If you had trouble streaming video or ordering a pizza online over the weekend, there was a very good reason why. During Sydney's wild weather on Saturday and Sunday, a power issue caused an outage at cloud provider Amazon Web Services, bringing several big websites and streaming services — along with their associated apps — screeching to a halt.
Our external vendor AWS confirmed Stan connection issues due to power outage within AWS. AWS & Stan are working to restore services ASAP.

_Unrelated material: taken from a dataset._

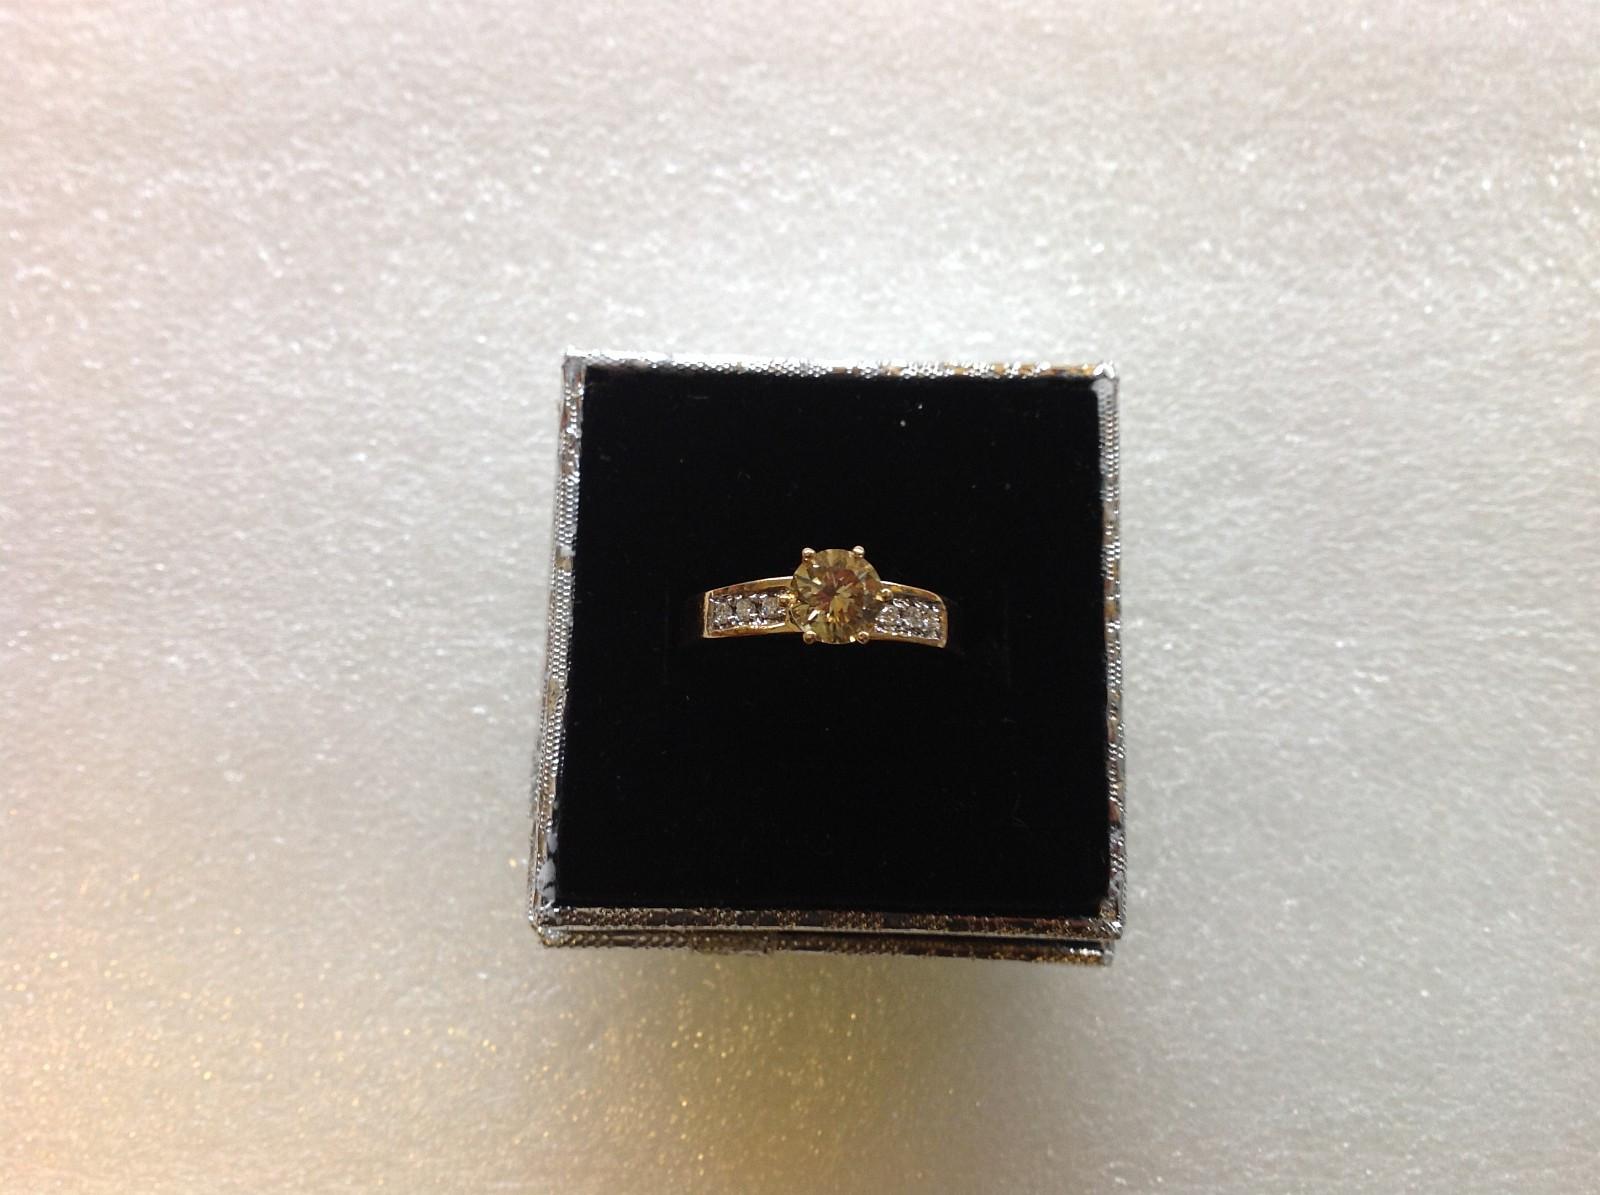 Ring gult gull - Mandal  - Ring i gult gull 18 karat gull med 6 små diamanter og 1 solo sten 1.24 CT color fancy yellow clarity Vs2. Størelse 10.5 for mer info ring eller Mail takst og sertefikat foreligger pris på forespørsel - Mandal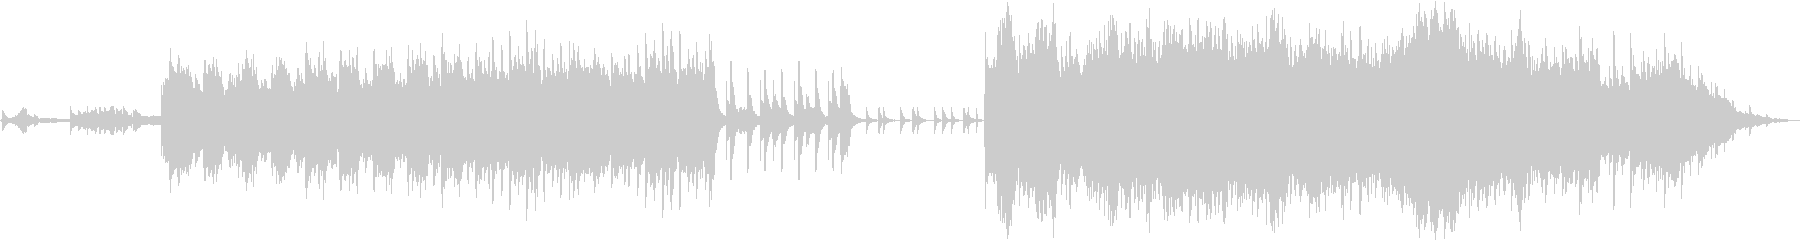 癒し風のピアノ・オーケストラBGMの未再生の波形

— Stan. (@StanAustralia) June 5, 2016
— FOXTEL Help (@FOXTEL_Help) June 5, 2016
the @Dominos_AU website is down which means their app is also down so i'm going to starve to death RIP in peace me
— ShrekyWitTheGoodHair (@dylanjakemorris) June 5, 2016
iTnews first reported an issue appearing around 3:30PM AEST on Saturday, with a power issue affecting the company's Elastic Compute cloud product. One of the three AP-SOUTHEAST-2 availability zones within Sydney reported "increased API error rates", and services were progressively switched to the other zones successfully.
AWS then restored power to the offline zone around two hours later, and by 9:30PM that evening the company reported the majority of customer services had been restored. A small number of instances remained offline after the outage due to physical server hardware being "adversely affected" by the loss of power, but the major end user-facing services — including Foxtel, Domain, Domino's and Nine Entertainment's streaming service Stan — were up and running throughout Sunday.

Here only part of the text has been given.